Malgré son récent rachat par l’industriel Vincent Bolloré, la production originale de Canal+ ne faiblit pas. Il faut dire que la plupart des projets de la chaîne, qu’il s’agisse de Versailles, Panthers ou des futures Guyane, Section Zero et Jour Polaire, ont été lancés avant la reprise en main du groupe. Écrite par les créateurs de Maison close, Baron Noir réunit deux figures importantes du paysage cinématographique français, Kad Merad et Niels Arestrup, dans ce qui a été présenté par les médias comme un House of Cards français – un peu comme toutes les nouvelles séries politiques du PAF depuis 2013, donc.
Baron Noir est une série ambitieuse, et c’est son principal atout. Voir la multiplication de ces créations télévisuelles francophones, qui tendent à concurrencer qualitativement ce qui se fait outre-Atlantique, cela fait vraiment plaisir.
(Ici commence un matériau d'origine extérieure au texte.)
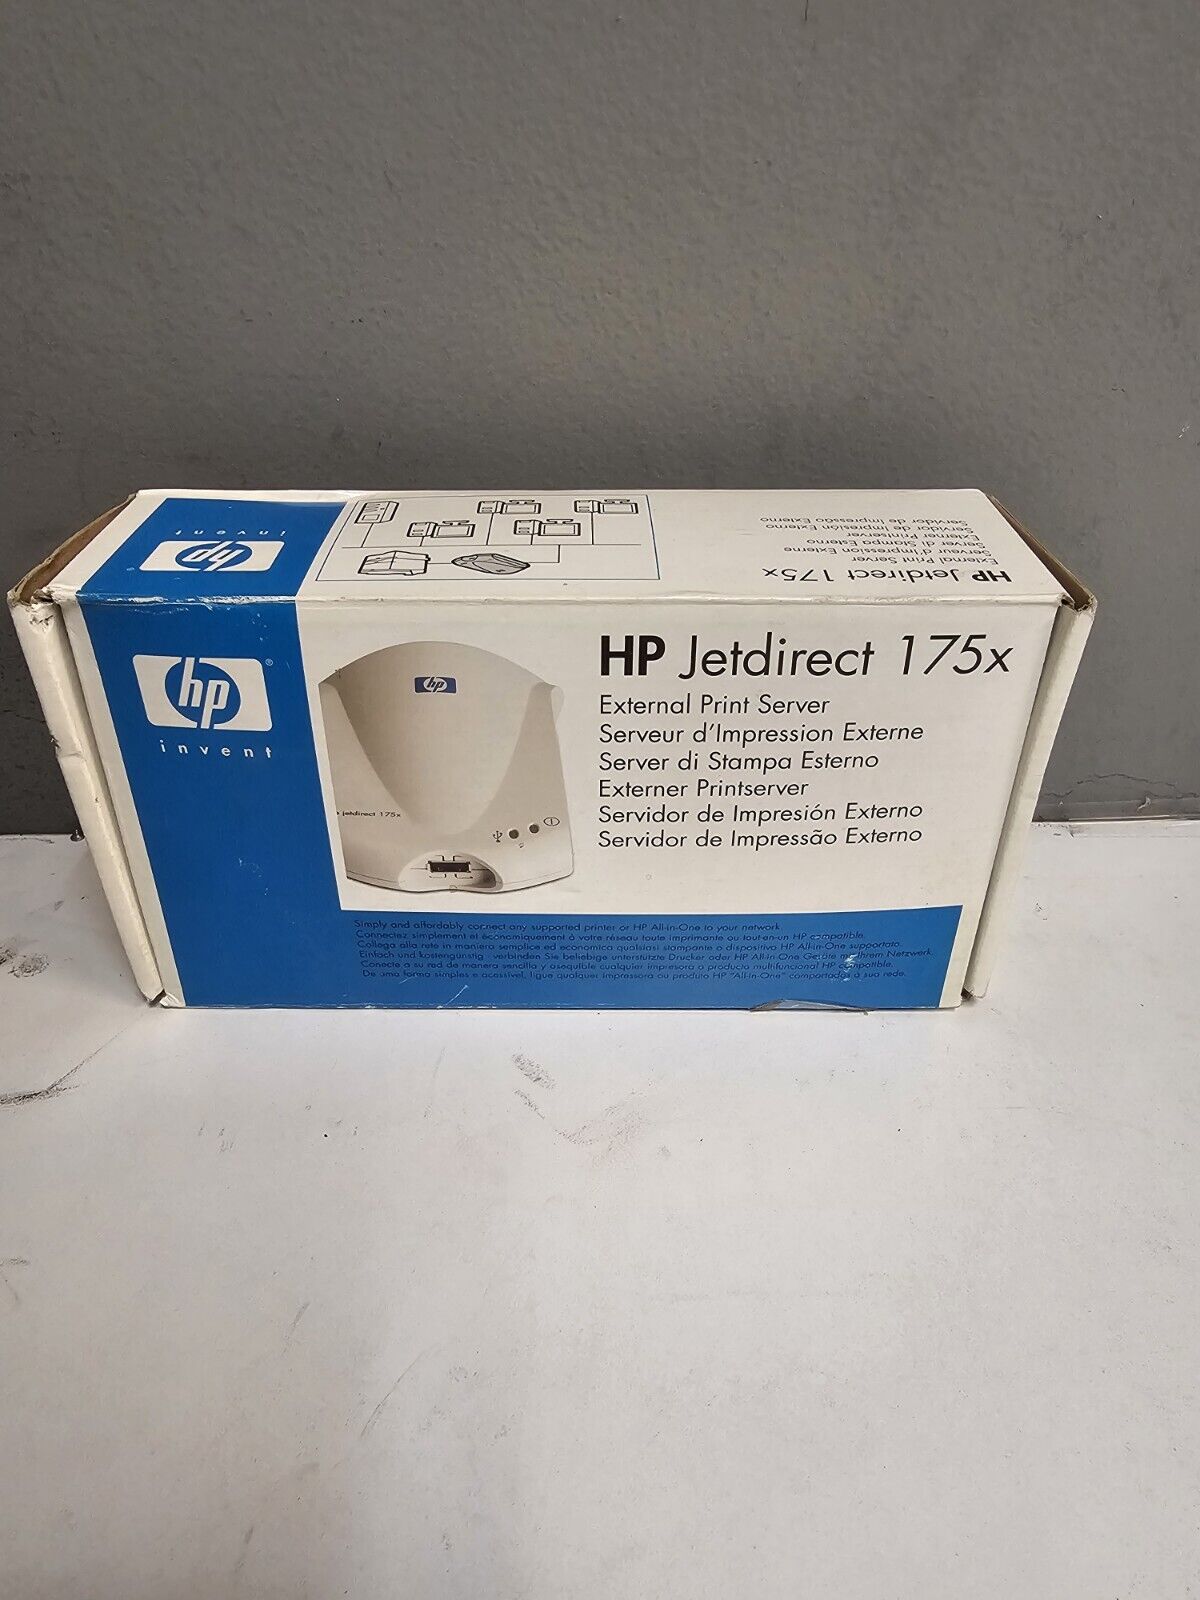 HP J6035G JET DIRECT 175X EXTERNAL PRINT SERVER
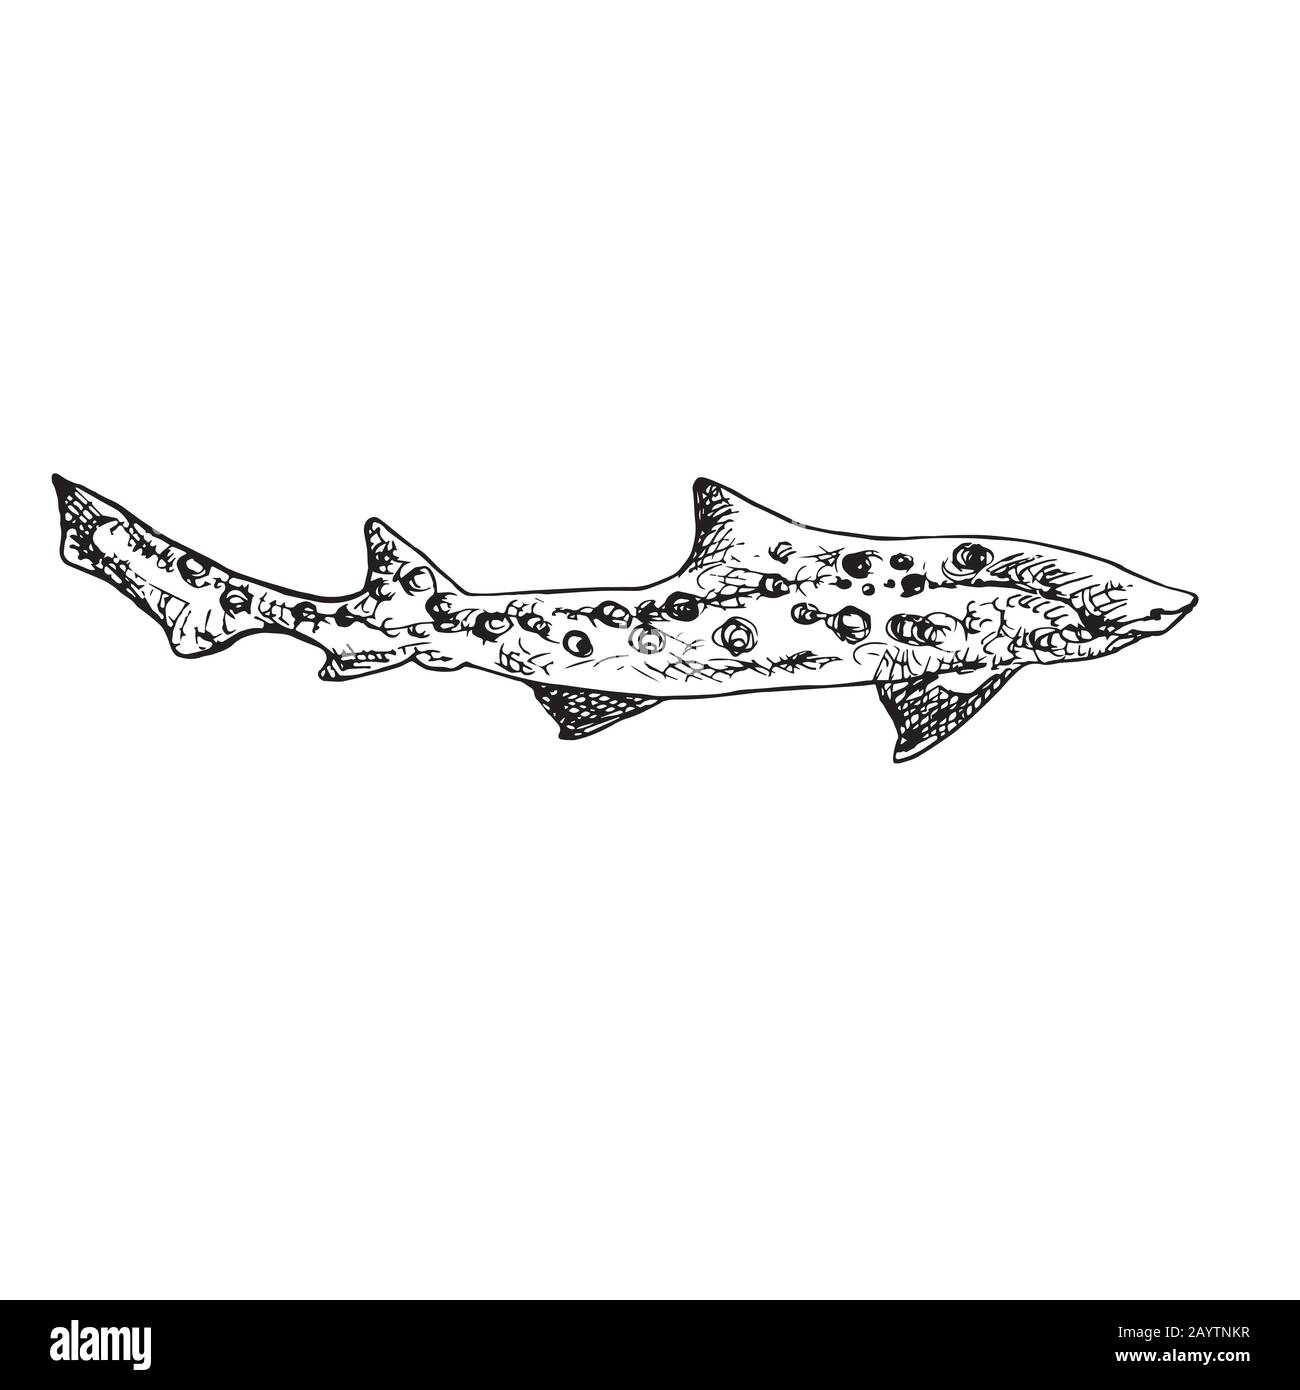 The leopard shark (Triakis semifasciata), hand drawn doodle, sketch,  outline illustration Stock Photo

Les moyens sont là, la mise en scène est propre et l’écriture prend son sujet au sérieux. Les questions politiques abordées par Baron Noir le sont d’ailleurs avec pas mal d’intelligence, abordant des sujets de débats plutôt bien ficelés, en plus de peindre avec pas mal de réussite cette sphère administrative peu exposée.
En fait, là où Baron Noir pèche, c’est qu’à vouloir faire trop américaine, elle s’est transformée en soap opera. Rebondissements digne d’une telenovela, trahisons dans tous les sens sans aucune forme de subtilité – le fait que la totalité des personnages soient infects et détestables n’aidant pas, difficile de s’y attacher. D’autant plus qu’une bonne partie des seconds rôles sont franchement peu convaincants.
La réussite de Baron Noir, encore une fois, c’est qu’elle n’a pas peur du ridicule. Elle n’a pas peur de faire gros, lourd, avec ses effets narratifs bien tapageurs et ses protagonistes qui ont tendance à étaler constamment le fond de leur pensée. Il n’y a pas de mystère au final, pas de non-dits et de sous-entendus, et c’est pour cela que Baron Noir est un soap politique. Un soap politique distrayant, carré et malin sur certains points, mais un soap politique quand même.
En attendant la tentative de Netflix avec Marseille, Baron Noir est un témoignage plutôt évocateur des évolutions récentes de la télé fictionnelle française. Si les Trepalium et autres Versailles ne transcendent pas encore le genre, il reste passionnant de voir ce secteur – autrefois réactionnaire – tenter de se réformer, de se surpasser. Pas toujours avec talent, mais au moins avec de la volonté. Baron Noir est une série parfaitement imparfaite, mais elle mérite qu’on lui laisse une chance. Il est loin le temps des sagas de l’été.